The mental model: pre-training builds the brain, fine-tuning shapes habits, RAG hands the model a reference document, and prompt engineering tells it what job to do today.

The three main fine-tuning approaches

Full fine-tuning updates every parameter in the model. For a modern 70-billion-parameter model this requires significant GPU infrastructure and produces a complete new model checkpoint. Costs typically run from 10,000 to 100,000 euros plus per training run, and the resulting model must be hosted as a custom deployment.

Parameter-Efficient Fine-Tuning (PEFT) updates only a small subset of parameters, leaving the bulk of the model frozen. LoRA (Low-Rank Adaptation) is the dominant PEFT method: it inserts small trainable matrices alongside the original weights and trains only those. A LoRA adapter is often only a few megabytes and can be swapped in and out of a shared base model. Training takes hours of GPU time and typically costs 100 to 1,000 euros per run, putting it within reach of any finance IT team.

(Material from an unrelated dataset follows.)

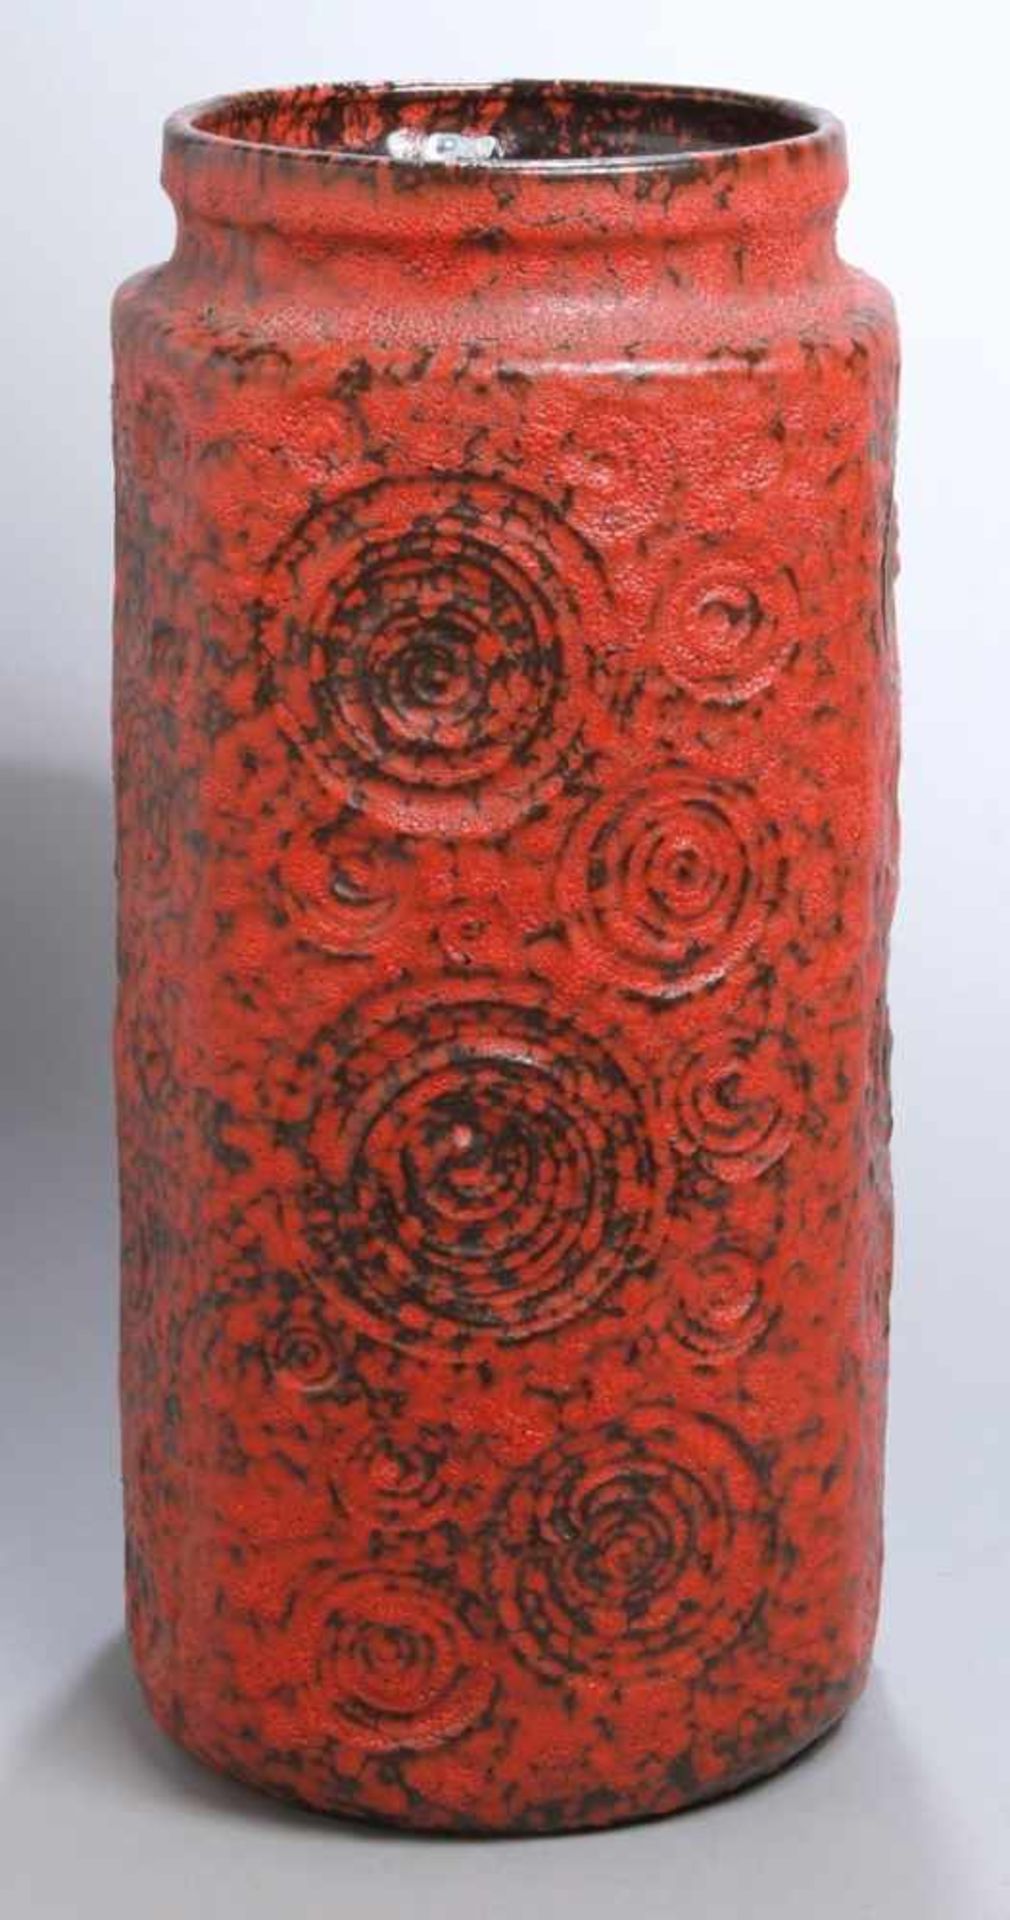 Keramik-Bodenvase, Scheurich KG, Kleinheubach, 70er Jahre, Mod.nr.: 282-48, runder Stand,hoher,
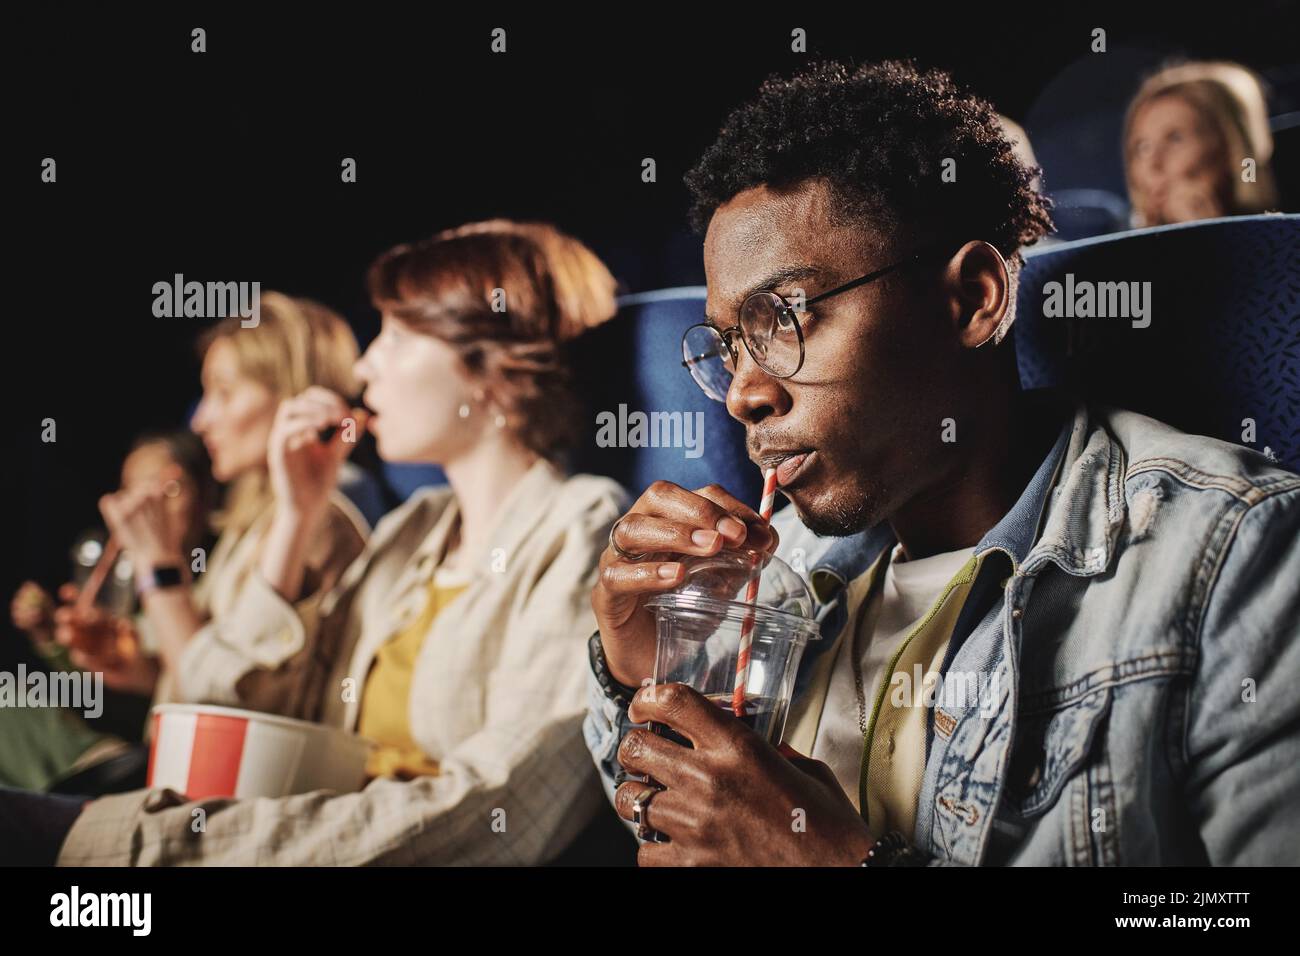 Toma de enfoque selectivo de un joven negro con estilo que llevaba gafas bebiendo cola mientras ve una película en el cine Foto de stock

Instruction tuning and RLHF (Reinforcement Learning from Human Feedback) align a model to human preferences across many tasks. This is what turns a raw language model into a chat assistant. It is done by foundation model providers and is rarely the right tool for an individual enterprise deployment.

Where fine-tuning adds value in finance

In AR and O2C, fine-tuning earns its place when the same narrow behaviour must be repeated thousands of times with high consistency. Useful examples include:

  • House terminology and style: always use remit-to rather than billing address, always sign off draft dunning emails in a specific tone, always format customer names in title case.
  • Strict output formats: always return JSON with an exact set of fields, always classify into one of seven dispute reason codes, never include explanatory prose.
  • Classification accuracy on narrow categories: when your business has dispute reason codes, deduction types, or product-line distinctions that a general model cannot reliably tell apart from prompt instructions alone.
  • Customer-facing tone: drafting collections messages that consistently match brand voice across thousands of customers.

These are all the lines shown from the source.